Consider two solid spherical balls, one centered at $\left(0, 0,\frac{21}{2}\right)$ with radius $6$, and the other centered at $(0, 0, 1)$ with radius $\frac{9}{2}$. How many points with only integer coordinates (lattice points) are there in the intersection of the balls?

$\text{(A)}\ 7\qquad\text{(B)}\ 9\qquad\text{(C)}\ 11\qquad\text{(D)}\ 13\qquad\text{(E)}\ 15$

Solution 1

The two equations of the balls are

\[x^2 + y^2 + \left(z - \frac{21}{2}\right)^2 \le 36\]

\[x^2 + y^2 + (z - 1)^2 \le \frac{81}{4}\]

Note that along the $z$ axis, the first ball goes from $10.5 \pm 6$, and the second ball goes from $1 \pm 4.5$. The only integer value that $z$ can be is $z=5$.

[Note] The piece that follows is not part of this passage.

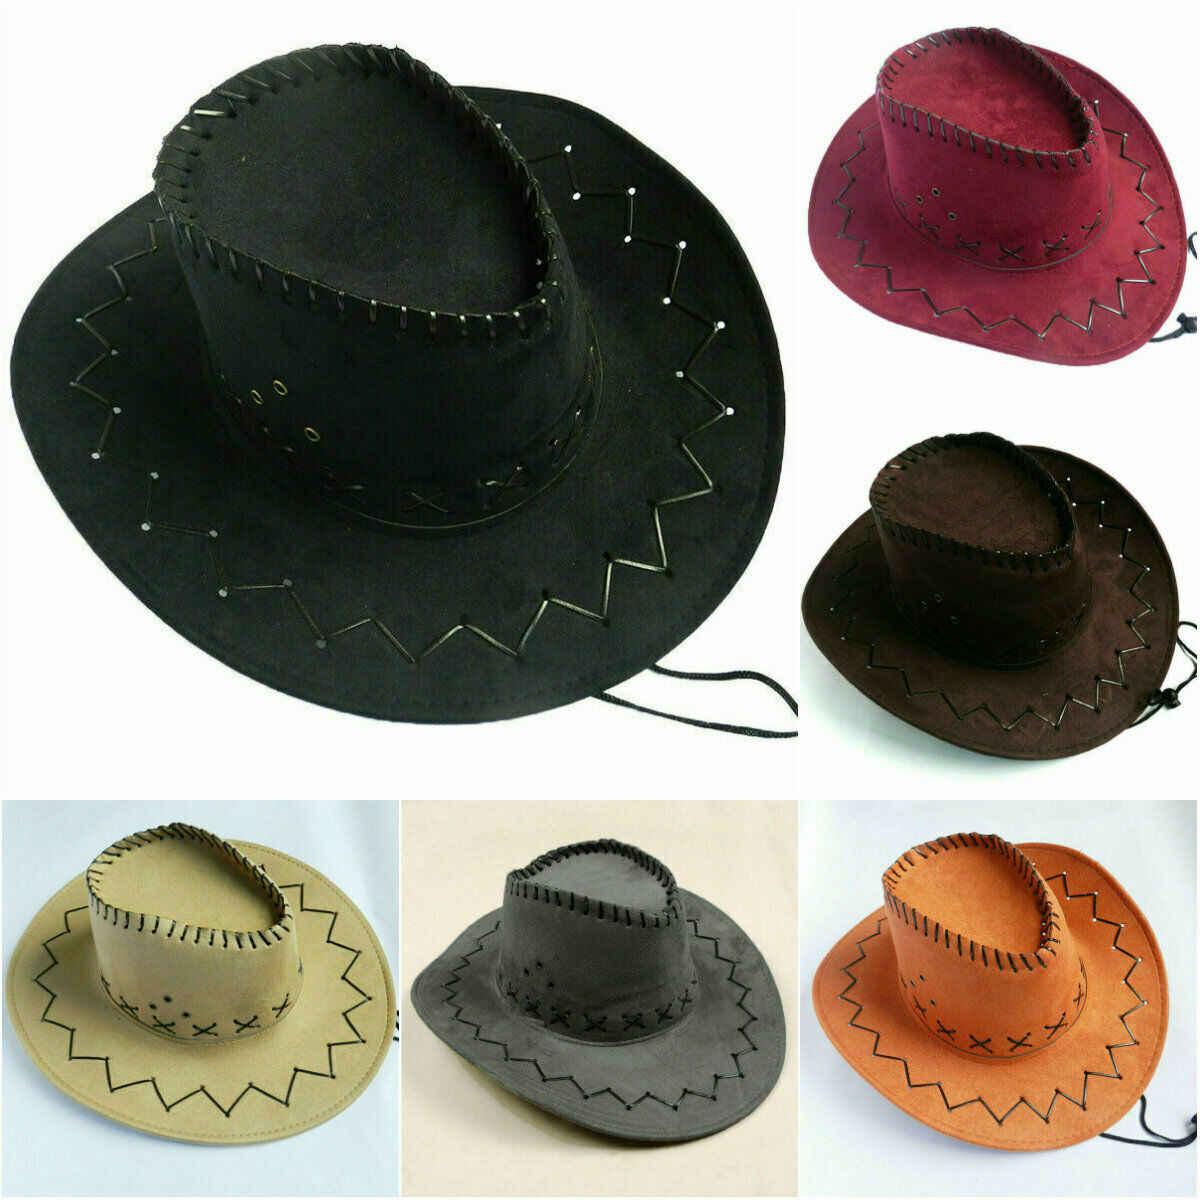 ファッション優しい草原女性男性ロックハット野生西ファンシー西洋カウガールカウボーイヘッド磨耗キャップ帽子

Plugging that in to both equations, we get:

\[x^2 + y^2 \le \frac{23}{4}\]

\[x^2 + y^2 \le \frac{17}{4}\]

The second inequality implies the first inequality, so the only condition that matters is the second inequality.

From here, we do casework, noting that $|x|, |y| \le 3$:

For $x=\pm 2$, we must have $y=0$. This gives $2$ points.

For $x = \pm 1$, we can have $y\in \{-1, 0, 1\}$. This gives $2\cdot 3 = 6$ points.

For $x = 0$, we can have $y \in \{-2, -1, 0, 1, 2\}$. This gives $5$ points.

Thus, there are $\boxed{13}$ possible points, giving answer $\boxed{D}$.

Solution 2

Because both spheres have their centers on the x-axis, we can simplify the graph a bit by looking at a two-dimensional plane (the previous z-axis is the new x-axis and the y-axis remains the same).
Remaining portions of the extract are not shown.